The approach in the GEOINT Community thus far has been to invest in point solutions that solve narrow use cases as a proof of concept. This is a typical way for government to add most new technology and software. However, the concern is that the cost and capability of AI/ML technology is changing so rapidly that initial investments made become outdated and decrease in value as each day passes. To solve this problem, organizations must think about incorporating AI infrastructures that flexibly scale with the changing technology. A GEOINT future with AI/ML augmented solutions will provide highly adaptable ecosystems of analytic capabilities that are designed and leveraged to cost-effectively solve real-time, mission-critical tasks.
People are Still Essential
Many changes have occurred throughout the GEOINT industry in the last half century, from heads-up digitizing, satellite improvements, and big data management to AI/ML and the movement from using software interfaces to leveraging scripting and coding languages to perform tasks. The pace of change has increased significantly in recent decades, and while a highly debated topic, some researchers predict that computers will achieve basic human cognitive capability within 20 years. This has the potential to automate many of the basic, repetitive tasks currently performed by human analysts.
In the interim, the question remaining is, “How do GEOINT teams keep up with the fast evolution of technology and data while maintaining institutional knowledge and expertise?” It is paramount that the role of seasoned veteran analysts continues to guide our understanding of what is valuable from GEOINT data, but new data and processes must be leveraged to improve the speed of production and to derive new, valuable insights that may not have been previously accessible or conceivable.
There are several areas of potential focus in human capital optimization that will help realize the benefits of GEOINT transformation quickly while maintaining the mission-critical quality and reliability provided by our highly skilled workforce:
- Leverage institutional knowledge: Strong links should be created between teams that configure technology and the analysts who leverage it. Just like a race car is built with the driver in mind, insights from experience can help guide and ensure that technological advancements and adoption evolve in a symbiotic way.
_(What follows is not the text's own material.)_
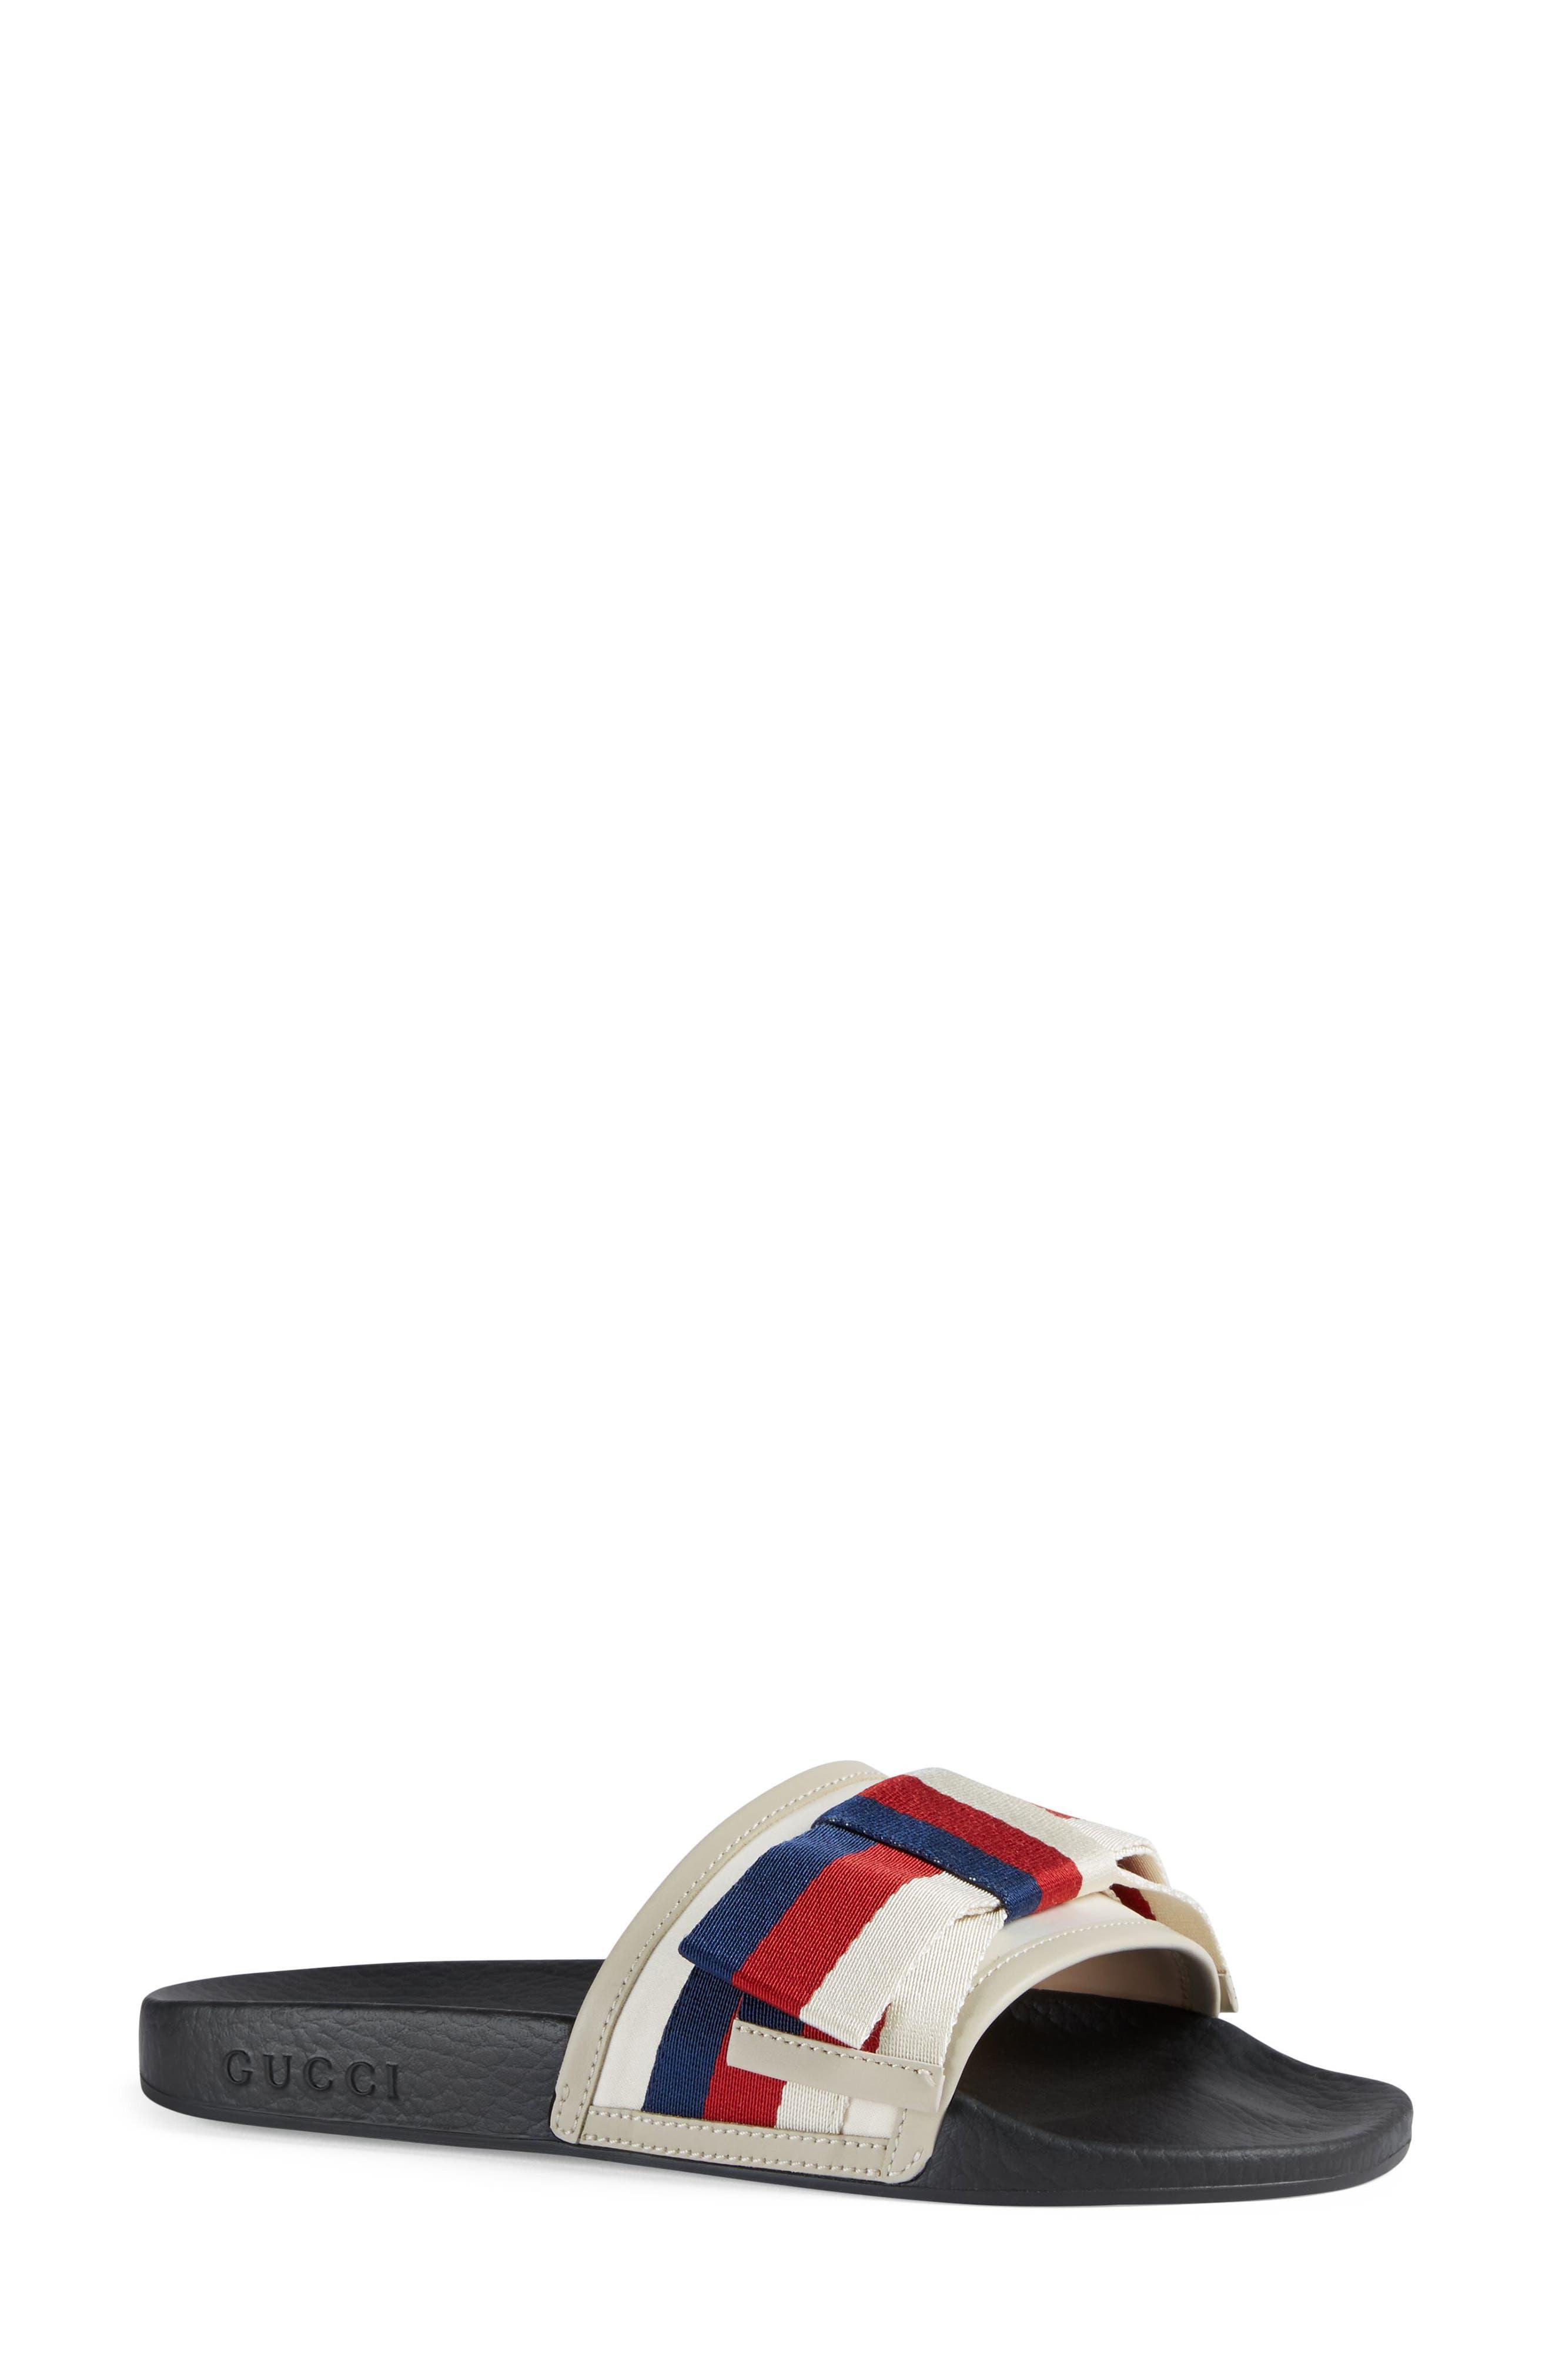 Gucci Pursuit Bow Slide Sandal (Women)

- Train the trainable: Create new methods to incorporate new learning for seasoned analysts. Not all new technologies need to be adopted and used by technophiles. Building capacity for existing experts will add more value to already valuable assets.
- Encourage on-the-job technology research: Providing time for GEOINT analysts to research changes and trends in the industry can lead to a more educated and industrious workforce. The tools of the trade and new options for improving old tasks should be on the minds of workers, and this should be institutionalized from leadership through mid-level management to ensure the GEOINT Community remains competitive.
- Create skills transfer programs: Some new skills (such as tool automation) can be trained to personnel across departments, enabling improved workflow and collaboration throughout different teams and disciplines. Enabling personnel to train skills to others not only reinforces that skill, but also builds cross-team/department cohesiveness and expands capabilities across the organization.
Achieving GEOINT transformation and moving our field forward requires rethinking how workflows have been developed and managed in the past. As leaders communicate strategic vision and mission goals, we can apply proven methodologies to break down traditional information silos and iterate how we apply limited resources toward developing integrated solutions for the future.
A holistic view and willingness to adapt is important to effectively capitalize upon technology advancements that can address today’s big data glut, and advanced technology must be thoughtfully but aggressively applied to achieve better, faster, and more confident operations. Perhaps most importantly, ways in which we acquire, train, and deploy human capital must be re-imagined to focus on speed, assessment, and complex decision-making. The GEOINT transformation will drive new best practices in each of these areas to enable the data fusion needed to maintain our information and intelligence advantage.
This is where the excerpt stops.